Rant + Norah Gaughan Sweater

In my blog description I mention that I might let fly the occasional "reflection" about living in France. I have yet to do that, for fear that it might turn into an enormous rant. When I have a bone to pick, I pick it! Nonetheless I am going to try to broach this subject in a non-ranty way...as much as possible anyway.

I'm going to relate what happened to me this week (and not for the first time) and I really want to know your thoughts on the matter.

I had to go to the doctor to demonstrate that I am fit enough to work. I believe that everyone in France who is employed by someone else has to do this. The medical exam was cursory, but they took also my job history. The doctor was filling out paperwork and asked my for name, birthdate, etc. Then she asked if I was married and had children. Yes, married, no children. And she asked my nationality: American.

Then she asked if my name was my maiden name (nom de jeune fille) or my husband's name (nom d'époux). It's my maiden name. Then she fusses a bit and asks why that is the name that my employer provided. To which I reply that it's the name that I use (c'est le nom que j'utilise).

The doctor replies: "nous utilisons le nom d'époux." In English, "we use the spouse's name" or married name. So I asked who 'we' was, doctors? I said "nous les médecins?" The answer: "nous les français." We, the French.

The doctor's tone when sharing this information with me was not of the "oh, that's interesting, we do this instead" variety, but rather, of the "this is how we do things around here" variety.

There is, by the way, no legal obligation in France for a woman to take her husband's name upon marriage. A woman has the right to use her husband's name, if she wishes, but she also retains her maiden name. She can use her husband's name alone, or in combination with her given name. This is, according to "article 264 du Code civil issu de la loi n° 2004-439 du 26 mai 2004, article 16" which I got from the following website: http://droit-finances.commentcamarche.net/faq/745-mariage-la-femme-peut-conserver-son-nom-de-jeune-fille. Having said that, I am not a lawyer.

Rant concluded. What are your thoughts on my conversation with the doctor?

In totally unrelated news, I finished my Norah Gaughan sweater:

Here are the buttons I've used, although I think I'll replace them later. They are a wee bit too small.

There are some rough patches on the sweater, but overall, I'm happy with it. And it gave me one more item to wear for the Me Made March challenge, yay! (I am looking forward to being to wear other clothes, starting tomorrow.) This also counts as one item completed for my Colette Spring Palette Challenge. It was a quick knit and easy to do.

Now I've picked up the sweater I started by Nicky Epstein. It's her Austrian Alps Zip Jacket from the book "Knitting on Top of the World." It's about 80% completed. I've joined the pieces together and am working on the raglan shaping.


  1. That wasn't ranty in the least.

    Your doctor is an asshat. Get a new one.

  2. Luckily I shouldn't have to see her again. She's the 'company' doctor. If I had written the post *before* ranting to Thomas it would've been much worse :)

  3. This is a gorgeous sweater, I admired it on Me-Made March too! And I think the buttons are pretty cute; both unexpected and interesting.
    As to your rant, frustrations are part and parcel of living in a foreign country. I had plenty to rant about when we lived in the US for a year...! :))

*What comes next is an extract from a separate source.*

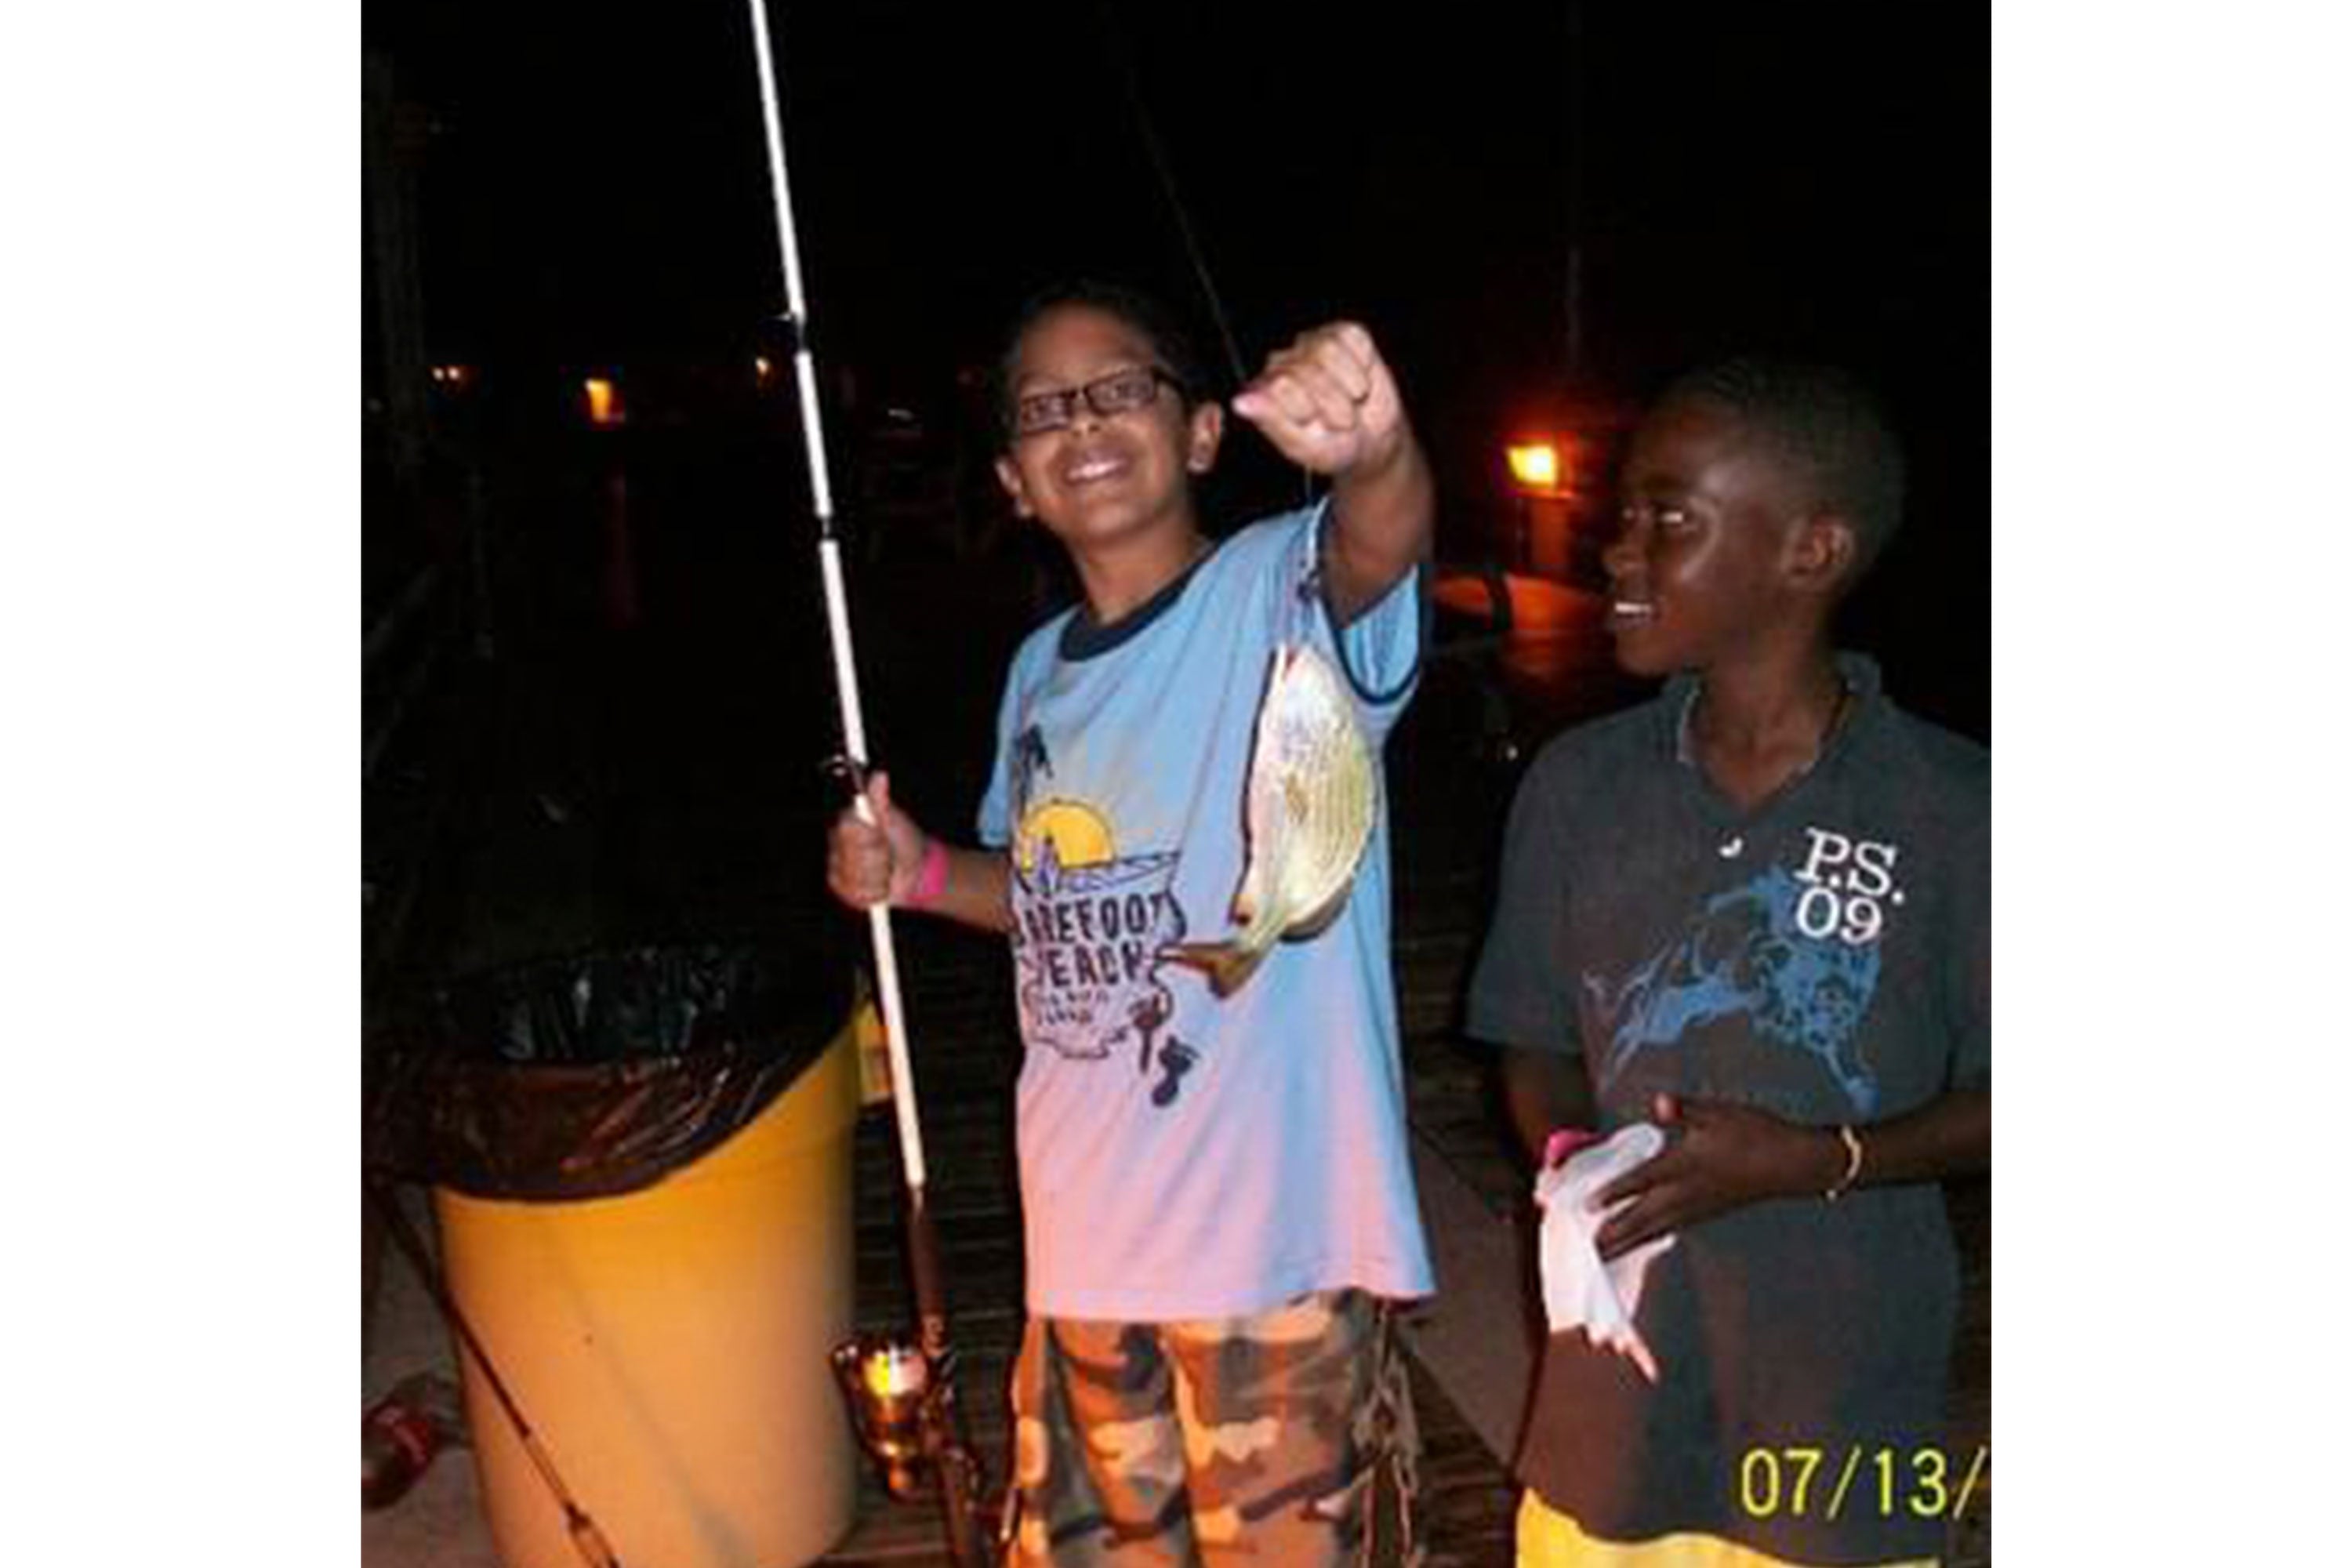 Emmanuel and a friend fishing at night with friend showing a fish caught on his line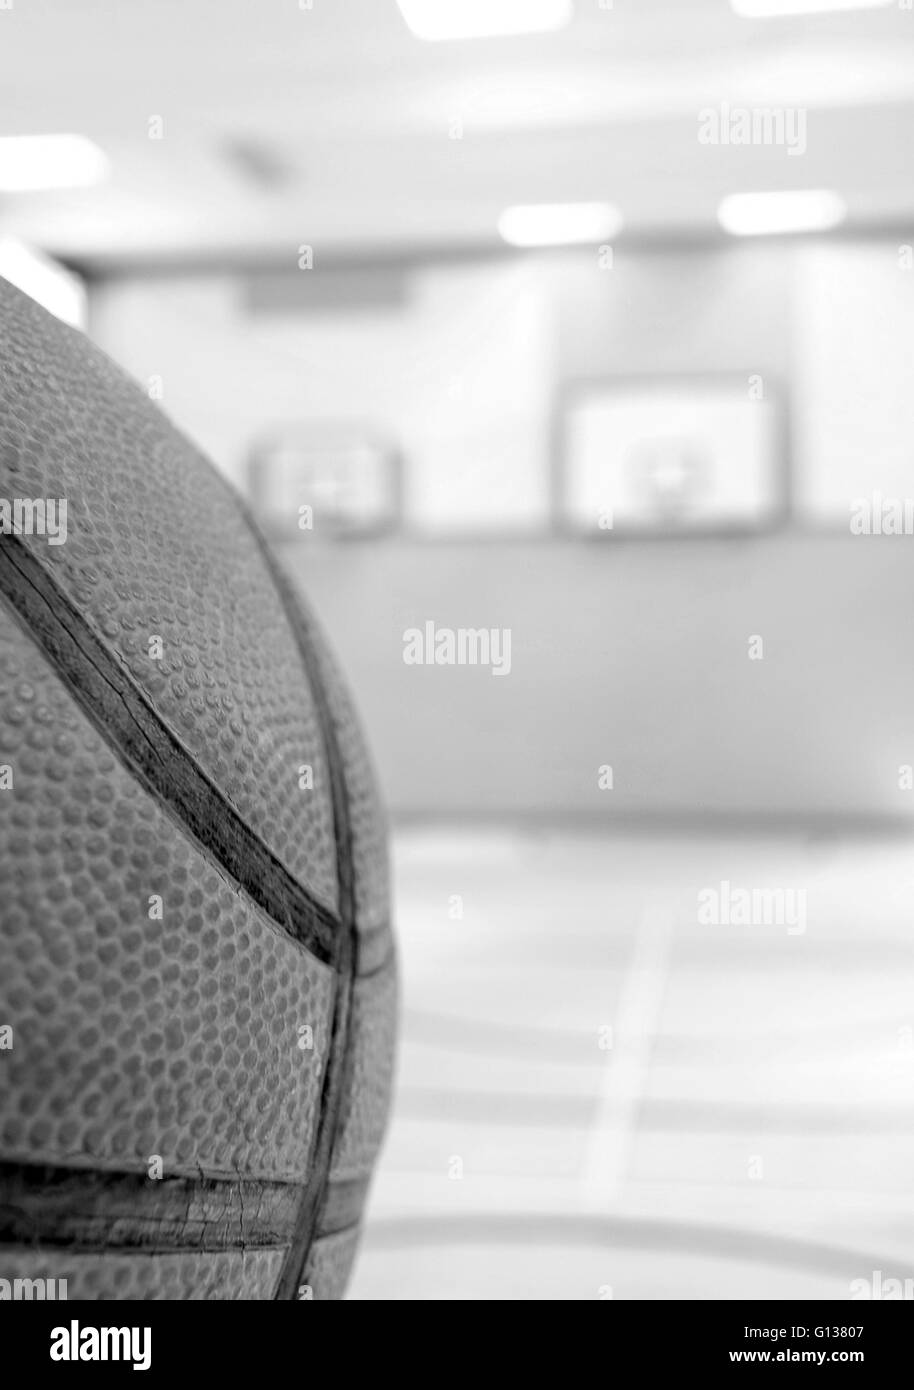 Basketball concept image, ball and baskets in a school gymnasium 8th May 2016 Stock Photo

  4. I think there are just certain snippy women who refuse to recognize that other people live their lives differently. Even if she doesn't agree with your name choice, it's none of her business.

    Of course, I just read about the ban going into effect on face veils in France this week, so perhaps that country just doesn't like to let women make their own choices, however that might look?

    -- Penny

  5. @ Carolyn, Thanks for the compliment of the sweater! I imagine one could have a lot to rant about living in the US. I certainly did while I was living there :) Where did you live in the US?

    @ Penny, France does like to regulate things. To me, everything seems very top down. Being a 'rican I'm definitely used to a more loosey-goosey approach, esp. as regards things that I would consider personal (i.e. names and veils). ;)

  6. Yeah, us Americans and our crazy religious-freedom notions ... :-)

    Tout le monde, c'est fou! Or should that be il est fou? I've lost most of my French as I haven't used it in nearly 15 years (feeling old ... ).